We have been told time and time again not to worry if our children are making noise in the background, that things are stressful enough as they are trying to WFH whilst looking after children and not to put more stress on ourselves trying to get them to stay quiet.
For important calls I try to step outside to limit the background noise.
But I have been on calls with Males and females across Europe, and children can be heard in the background everywhere, even in really important meetings.

ineedaholidaynow · 28/05/2020 14:12

I think everyone both in my team and DH's team have seen or heard everyone's dogs!

I was in an important meeting the other day and one of the men on there was obviously shooing his children out of his office.

It is the new normal.

CoachBombay · 28/05/2020 14:13

If he wanted staff to work in silence in a professional setting he should have kept office space available!

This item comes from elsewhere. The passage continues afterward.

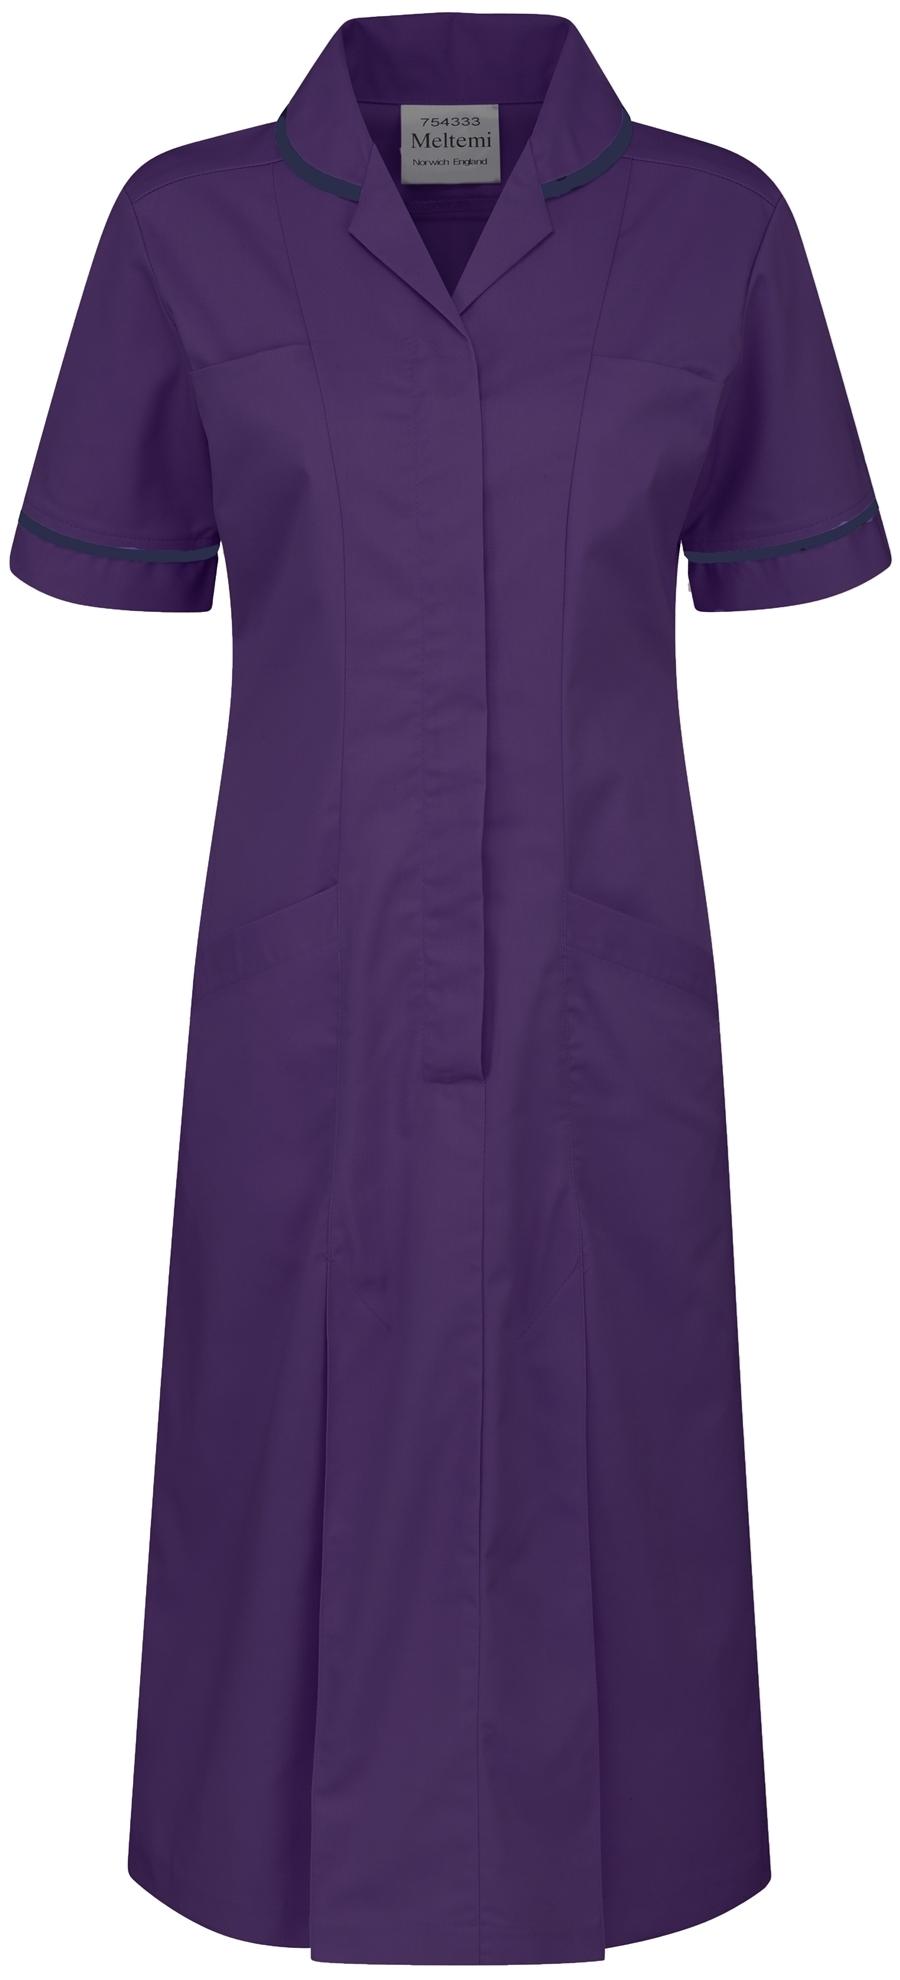 Picture of Plain Colour Dress - Purple/Navy
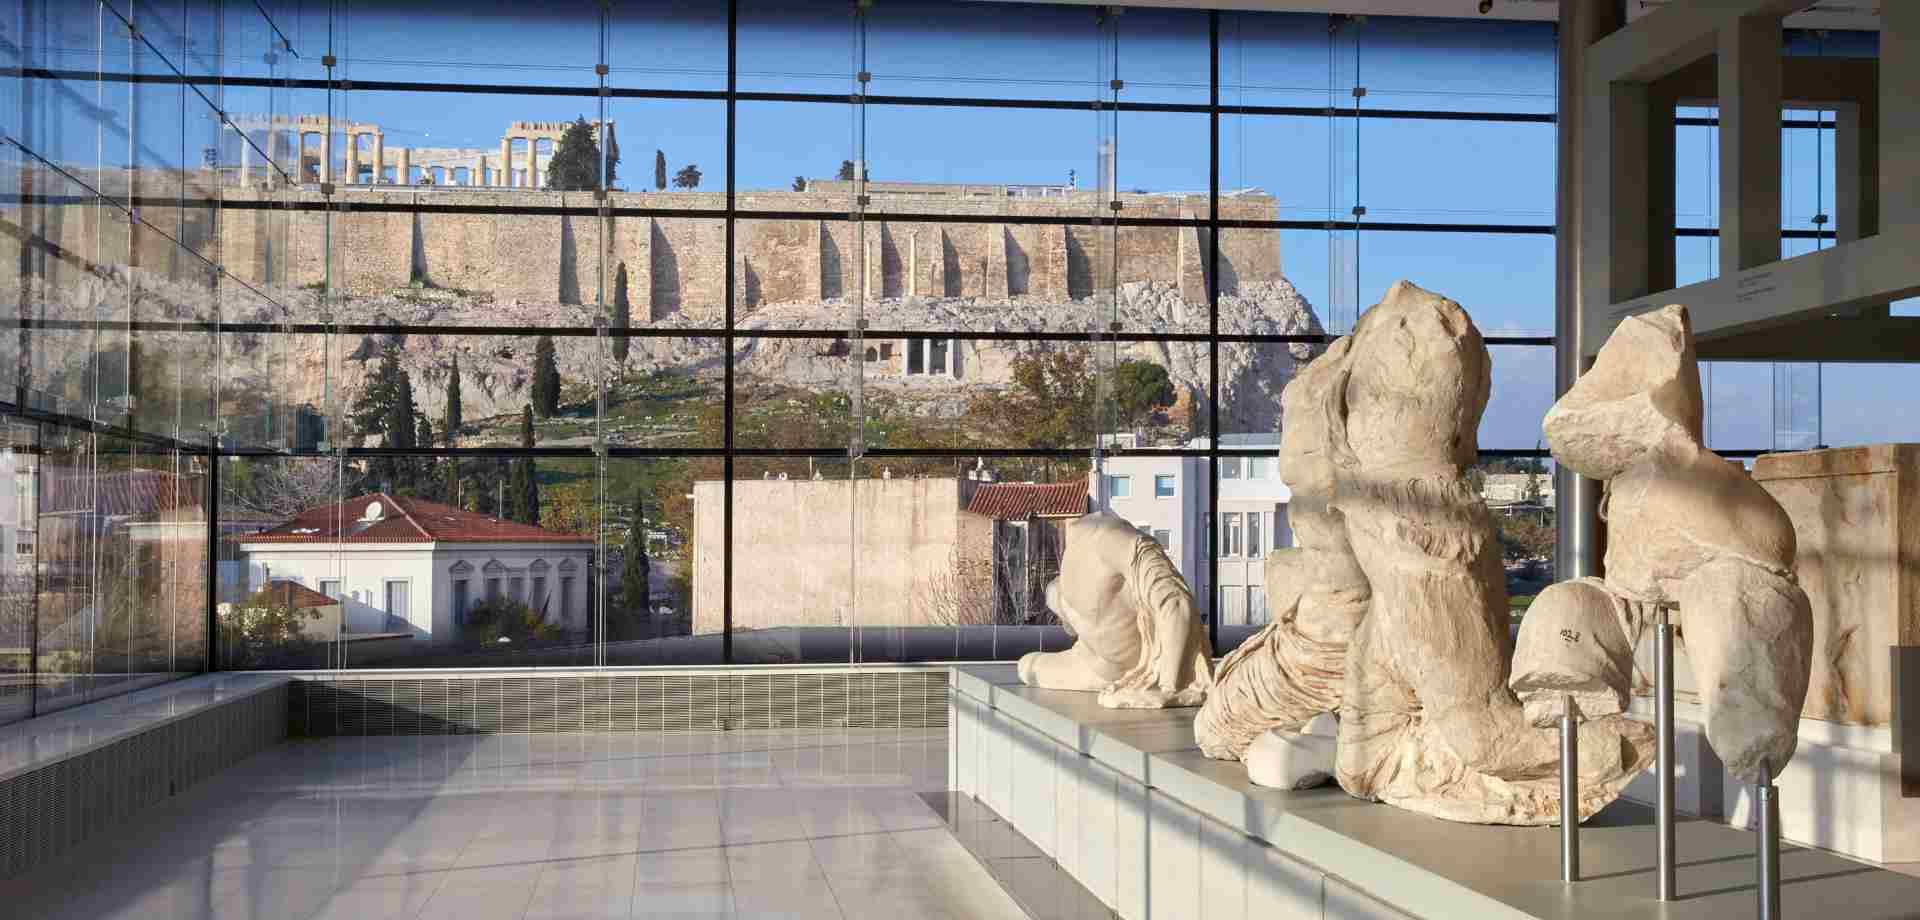 Διεθνής Ημέρα Μουσείων 2021 στο Μουσείο Ακρόπολης

And not in his house!!

My 5 year old often appears on my team meetings with colleagues, everyone waves to him. He sat on my lap today eating a fab lolly 😳 he doesn't interject or speak up and just likes seeing everyone's faces. He's lonely! He is a only child and I'm a single mum, DS needs social interaction as much as me. My manager even asked him before how his day was going 😂 we then had to listen to a ten minute tail about his dinosaur.

We are a team of women, who have all had or have young children though, so maybe that's the difference.